Even with the mass cut of employees, Hohn and his investment fund want another mass exodus of employees and a dramatic wage reduction. Google’s parent company Alphabet has doubled its number of employees in the last five years, adding over 100,000 people to its payment roster.
While Hohn was happy that Google made a step in the right direction by letting thousands of its staff go, he believes that it still hasn’t reversed the overstaffing conducted in 2020. He believes that returning to the number of employees they had at the end of 2021 would be better for the company. This reduction would mean that employees would need to be reduced by another twenty percent.
At the same time, while the whole world is in an economic crisis and facing a global recession, Hohn feels that reducing excessive employee compensation would help their overall profit margin.
It is known that Google employees are paid considerably better than all of the other top technology firms, such as Microsoft, Twitter, Facebook, and Tesla.

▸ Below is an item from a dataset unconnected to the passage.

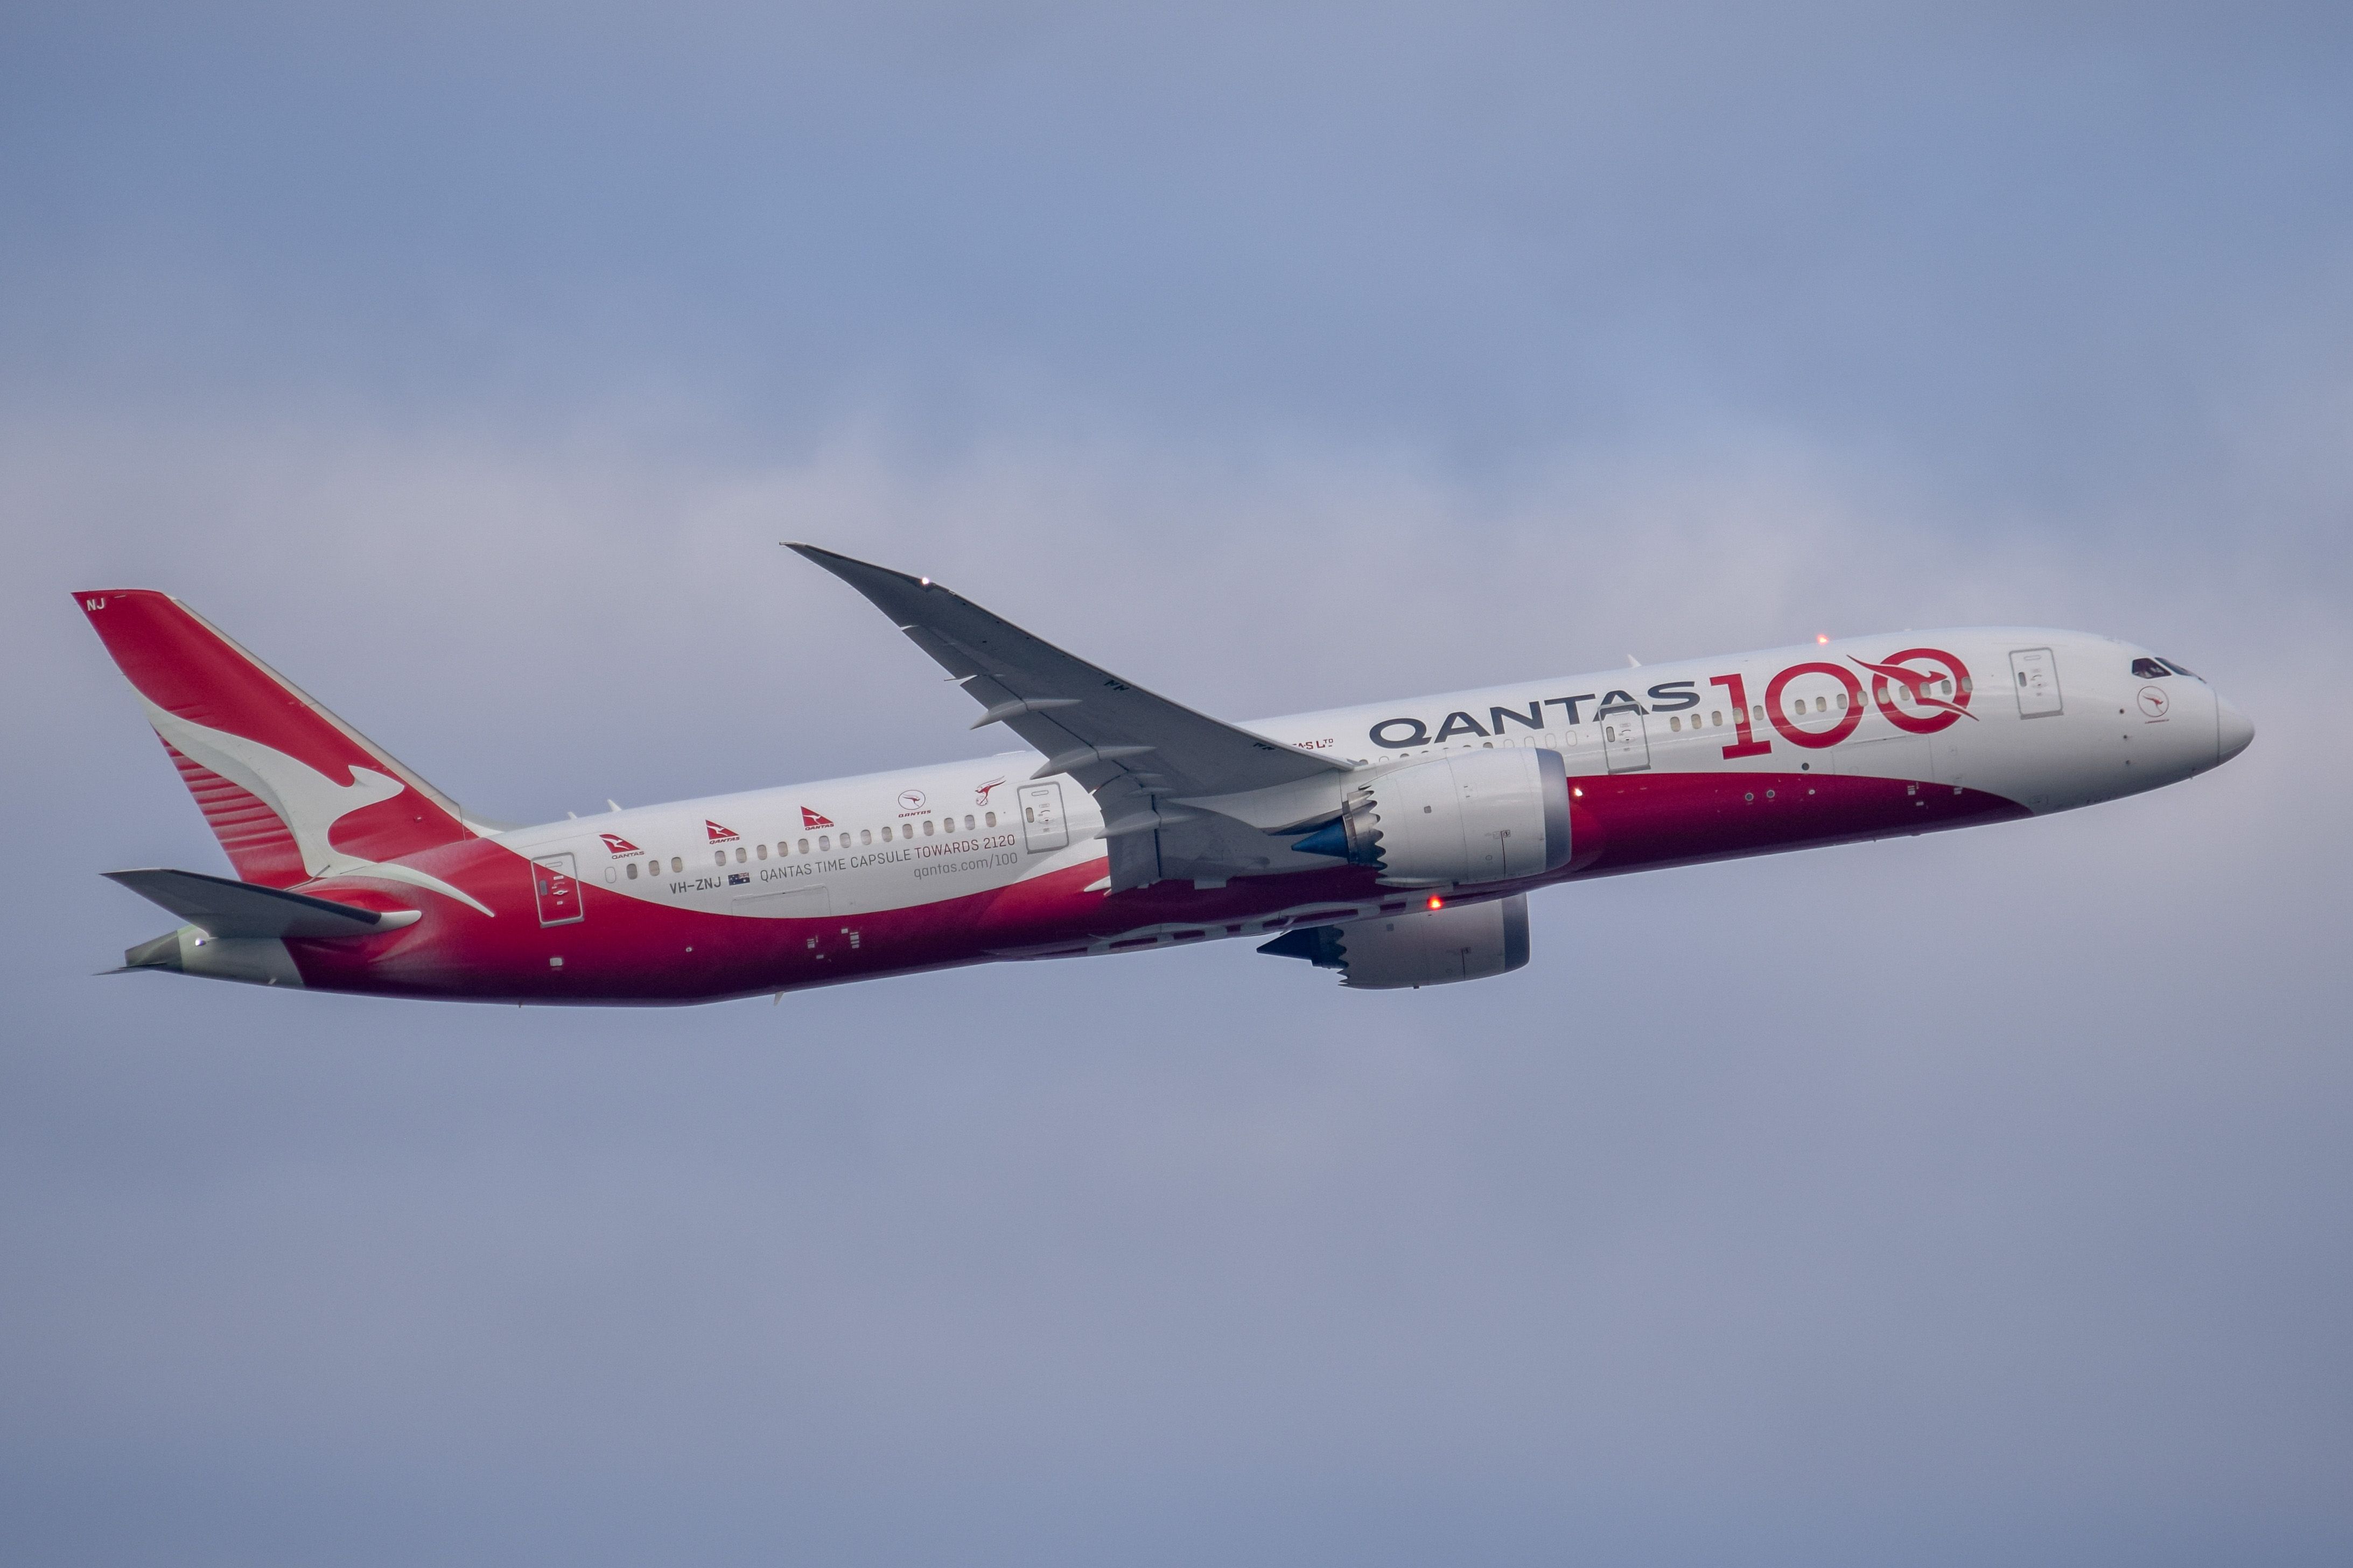 Qantas 787 100-year livery aircraft

Since competition in the Technology sector has reduced, he feels they no longer need to pay their employees as well as they have, and attracting new talent will not require such increased compensation as previously thought.
While in a brief moment of empathy, he finished the letter by saying he does realize it is never easy to remove people’s jobs, even though he stated it so nonchalantly throughout the leaked documentation.
It is disgusting to think that someone of this caliber and wealth would easily put over 100,000 people out of a job in this economic climate and during a global cost of living crisis so he can pay himself over $1 million a day. Let’s just pray Google sees sense and declines his advice.